Bar Shalom painted a concerning picture of future attack surfaces: « Imagine that we are going to have multimodal. I'm going to have my glasses with camera and they're going to see the context of the environment... Someone can put a sticker in the road and I'm going to... they are going to use it as a prompt injection »

This scenario illustrates how physical world elements—stickers, signs, or visual cues—could serve as prompt injection vectors in augmented reality and computer vision systems.

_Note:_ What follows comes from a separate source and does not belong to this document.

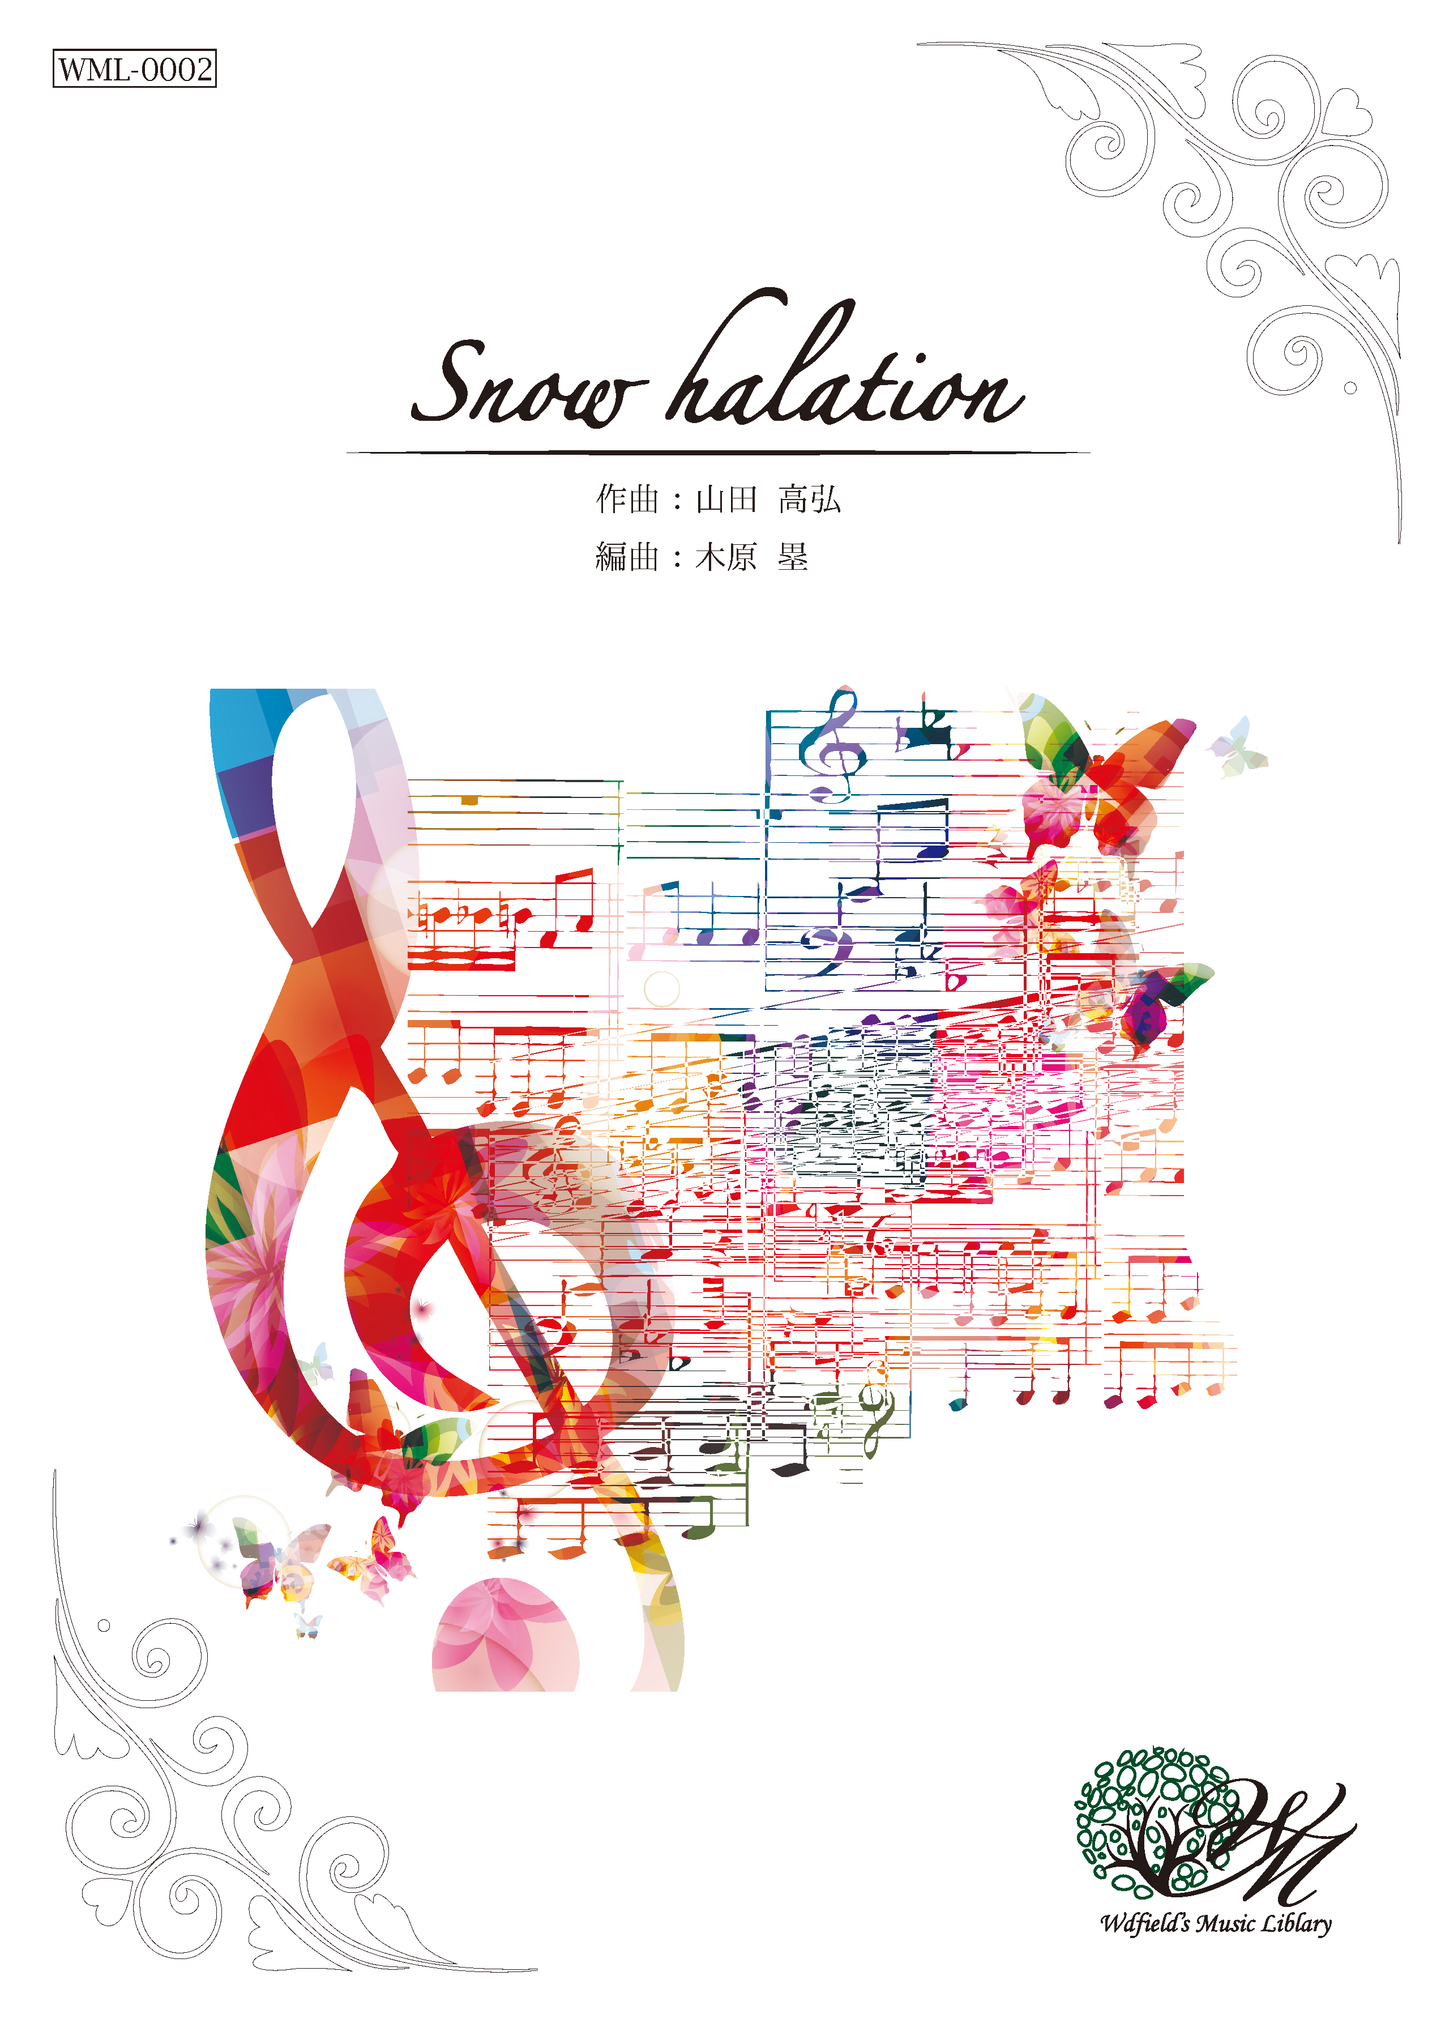 Snow halation  (From Love Live! School Idol Project)

Strategic Implications for Swiss Enterprise

The keynote revealed that while AI adoption accelerates (90% of enterprises according to McKinsey), organizational confidence in AI security continues declining. This creates a critical gap between AI deployment velocity and security preparedness, particularly relevant for Swiss companies operating under stringent data protection requirements.

Bar Shalom emphasized that many security risks predate generative AI but are now amplified by AI capabilities. Swiss enterprises must develop comprehensive AI governance frameworks that address both traditional cybersecurity concerns and emerging AI-specific threats while maintaining compliance with European data protection standards.

The interactive Q&A portion of the keynote highlighted the urgent need for executive-level understanding of these evolving threat landscapes. As Bar Shalom concluded, these threats are « not the future, it's happening right now » requiring immediate organizational response and strategic planning.